Жанна прошла в дальнюю, их бывшую детскую комнату, скинула пальто и, развешивая его на плечиках, поймала себя на том, что все продолжает осматриваться, шарить глазами, не в силах успокоиться, и до сих пор ищет пропавшее: пухлую, истрепанную по краям тетрадь, к которой скотчем была присоединена еще одна, — и от этого дневник получился нелепым, неровным, неряшливым, но очень приметным. Она смогла бы отыскать его на ощупь среди тысяч других тетрадей! Она знала каждую завернувшуюся трубочкой с угла страницу… Она столько раз брала его в руки и столько раз перечитывала! Однако в этой спартанской комнате, из которой давно убрали все лишнее и ЛИЧНОЕ — все, напоминающее о Жене, — ее дневника не было… по крайней мере, на виду. В самом деле, неужели она просто положила бы его здесь, на столе, по странной, небывалой забывчивости и ушла? Или же зачем-то спрятала то, что никогда не выносила из своей комнаты, тут, среди старых ненужных книг и папиных папок с вырезками, выбросить которые рука не поднималась? Или положила дневник в шкаф к семейным альбомам? Альбомы, кстати, вот: лежат на столе… должно быть, с тех самых пор, как они с девицей Катей, которая полицейская, их смотрели. Но она тогда вроде убирала альбомы на место? «Да, — усмехнулась Жанна про себя, — это было…»
По ощущениям это было очень давно, можно даже сказать, в какой-то другой жизни. «И в какой именно жизни, — прибавила она, — этого я точно сказать не могу! Потому что я за себя не ручаюсь… И не ручаюсь, пожалуй, уже ни в чем! Особенно в том, кто же я есть на самом деле?!»

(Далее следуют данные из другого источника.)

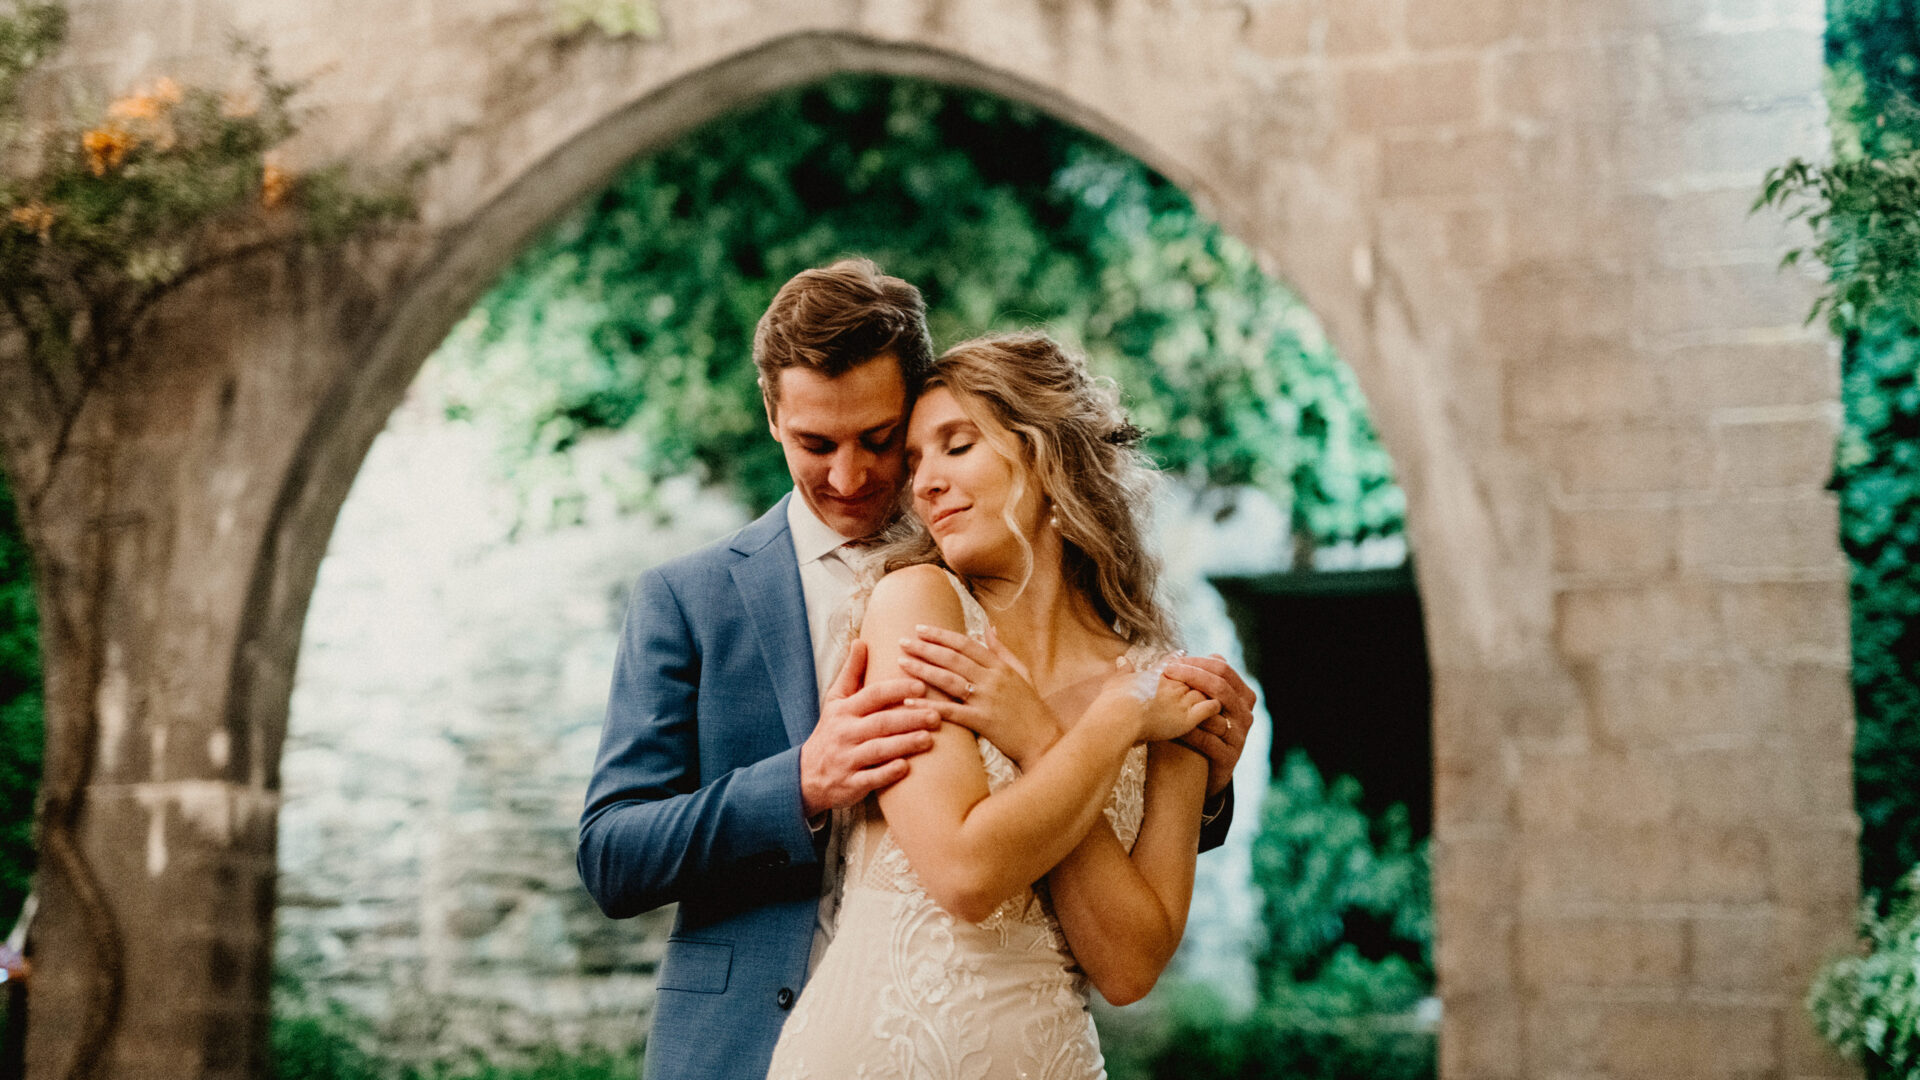 Groom embracing bride from behind with a stone archway in the background
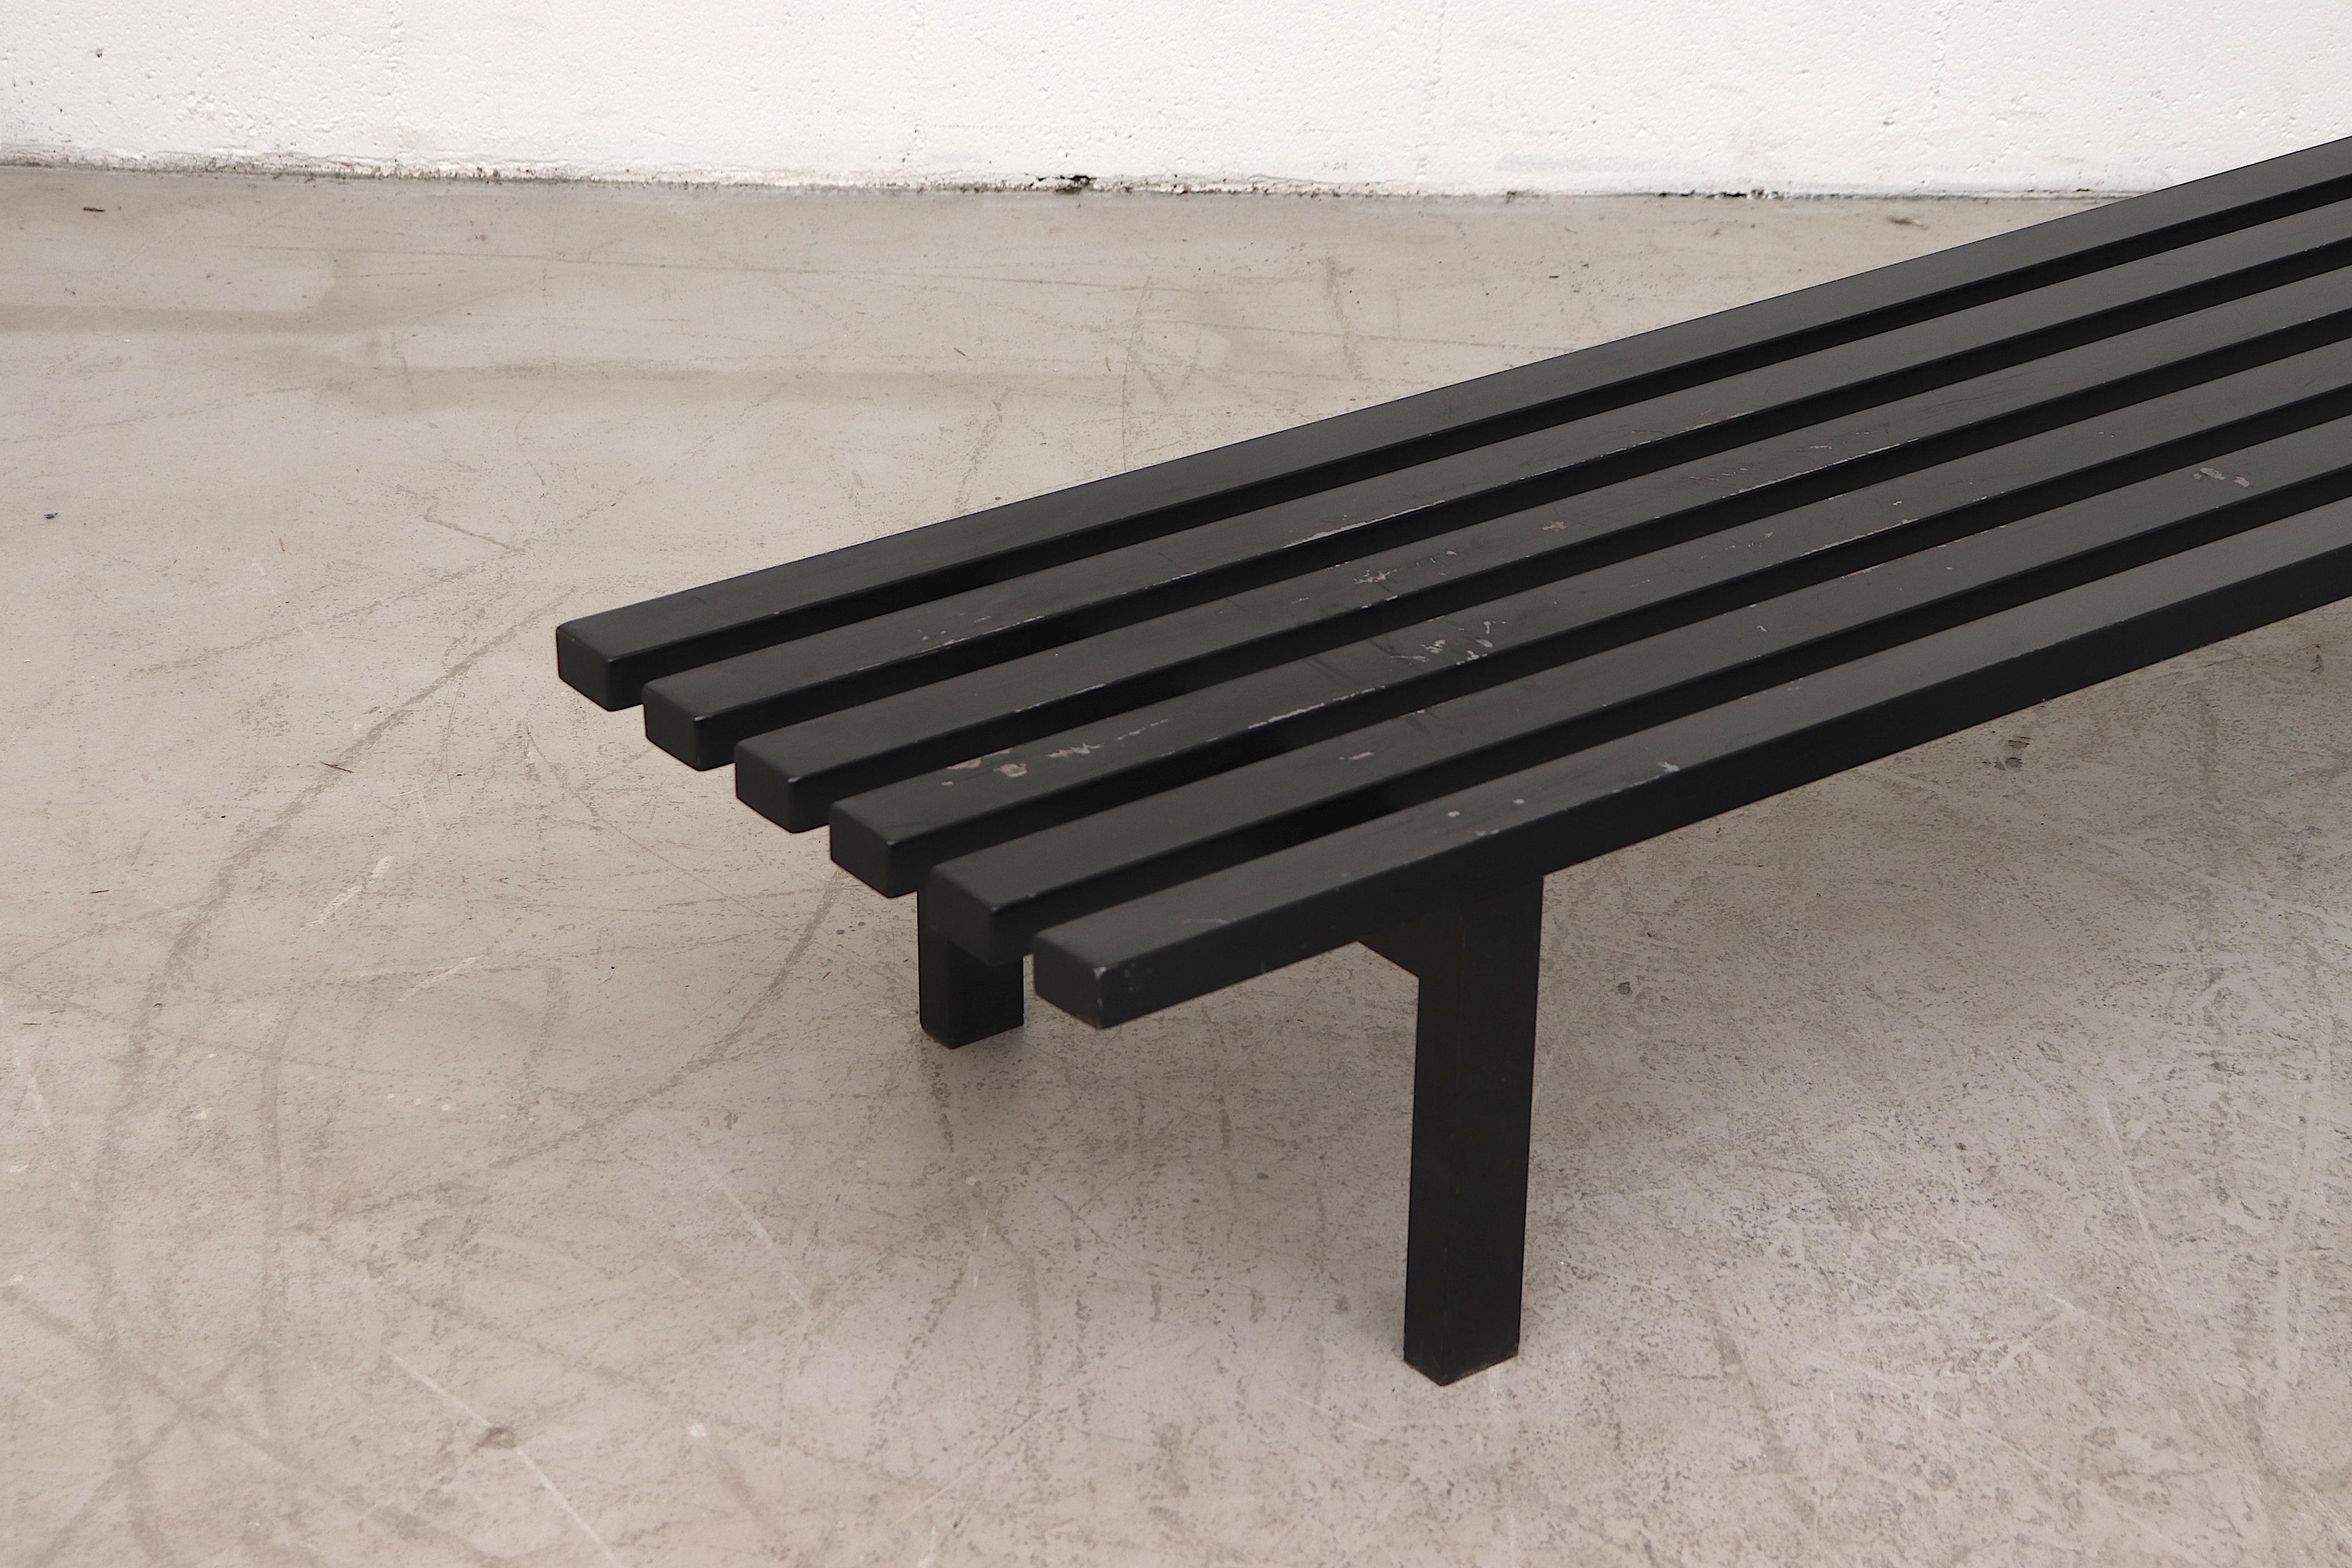 Large martin Visser style industrial slat benches in black enameled metal. In very original condition with visible enamel wear and scratching. Priced individually. Similar smaller benches in brown enameled metal (LU922418079391) Also available.

Она взяла в руки верхний альбом и машинально открыла его: мамины и папины свадебные карточки, чуть выцветшие от времени, но такие полные жизни! Бабушка и дедушка — папины родители… и еще бабушка и дедушка, уже мамины, оба рано умершие… Отчего? Она уже и не помнит… Огромные куски жизни… Почему она не расспросила обо всем, когда это еще можно было сделать? А теперь поздно даже сожалеть, она никогда не узнает того, что раньше казалось неинтересным и ненужным и только в последние дни внезапно обрело весомость и значимость. Когда она поняла, что может лишиться и собственной жизни… огромного ее куска, о котором тоже никто и никогда не узнает!
И снова: фотографии, фотографии… какие-то чужие люди, то ли мамины, то ли папины друзья. Свадьбы, посиделки, дни рождения, вылазки на природу… море, лес, чужой город, чья-то дача… Зима-лето-осень-весна… все вперемешку. И лица, лица, лица… И не у кого узнать и спросить: кто все эти люди? И что они делают здесь, в этой квартире, где теперь тоже все так нелепо перемешалось?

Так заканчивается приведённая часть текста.